Engineering Contradictions & Design Principles
Engineering Contradiction Analysis
1Quantity of substance
If traditional relational or graph databases are used to store data, then data can be stored in organized structures, but redundant information is generated and processing efficiency decreases
Solution Approach 1:
The patent extracts only the essential relationships between entities using the ARB (Agent-Relation-Object) paradigm. By representing data as triplets of (agent, relation, object), the system removes redundant metadata and intermediate representation layers that traditional databases require, storing only the core semantic relationships needed for retrieval and processing.
Solution Approach 2:
Instead of organizing data around rigid database schemas or pre-defined graph structures, the patent inverts the approach by organizing data around flexible ARB triplets that can represent any relationship type. This allows the system to adapt to different data patterns without requiring structural changes, eliminating the need for redundant schema definitions and index structures.
2Ease of operation
If complex data patterns are stored in traditional databases, then data can be retrieved using standard query languages, but query response times increase and processing becomes inefficient
Solution Approach 1:
The patent changes the fundamental parameters of data representation from traditional database rows and columns or graph nodes and edges to ARB triplets. This parameter change enables more efficient pattern matching and retrieval operations, as the triplet structure directly encodes the semantic relationships needed for querying, eliminating the need for complex join operations and multi-step query processing.
Solution Approach 2:
The ARB triplet structure serves multiple functions simultaneously: it represents entities, relationships, and attributes in a unified format; it enables both storage and retrieval operations; and it supports various query patterns without requiring different data structures.

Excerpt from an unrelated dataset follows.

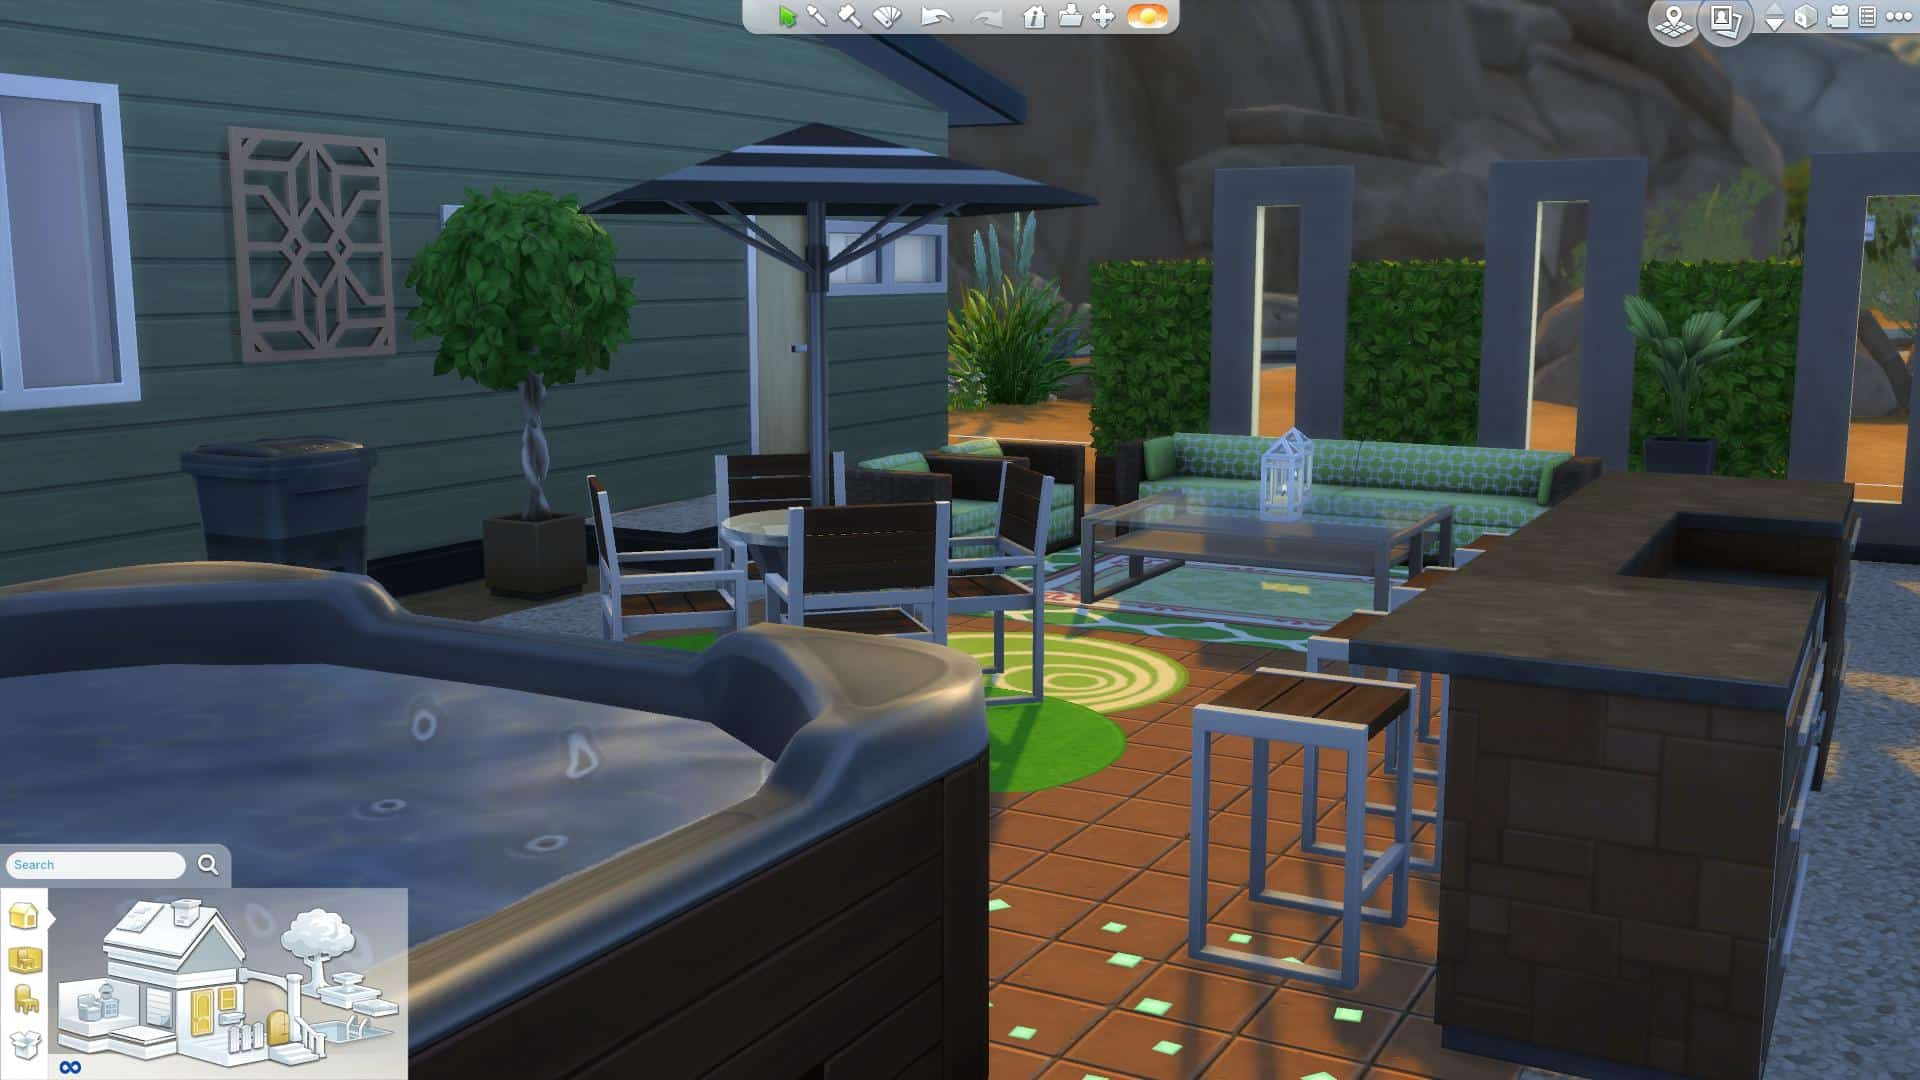 The Sims 4 Design Guide: Patio Decor - photo#23

This multi-functionality reduces the overhead of maintaining multiple specialized structures and improves overall processing efficiency.
3Quantity of substance
If more data is stored per unit of space, then storage efficiency improves, but data processing and manipulation become more complex
Solution Approach 1:
The patent segments data into discrete ARB triplets, each representing a complete semantic relationship. This segmentation allows the system to store高密度 information while maintaining simple, modular processing. Each triplet is an independent unit that can be processed individually, reducing the complexity of handling large datasets compared to traditional row-based or graph-based structures that require coordinated processing of multiple interconnected elements.
Data Source
AI summary
An optimal method of storing, computing, and communicating knowledge is disclosed herein. The method of organizing computer information which allows for more flexible retrieval and manipulation using an ARB paradigm. This paradigm combines and extends elements of a graph database, row-column database, query language, declarative logic language, and functional programming language.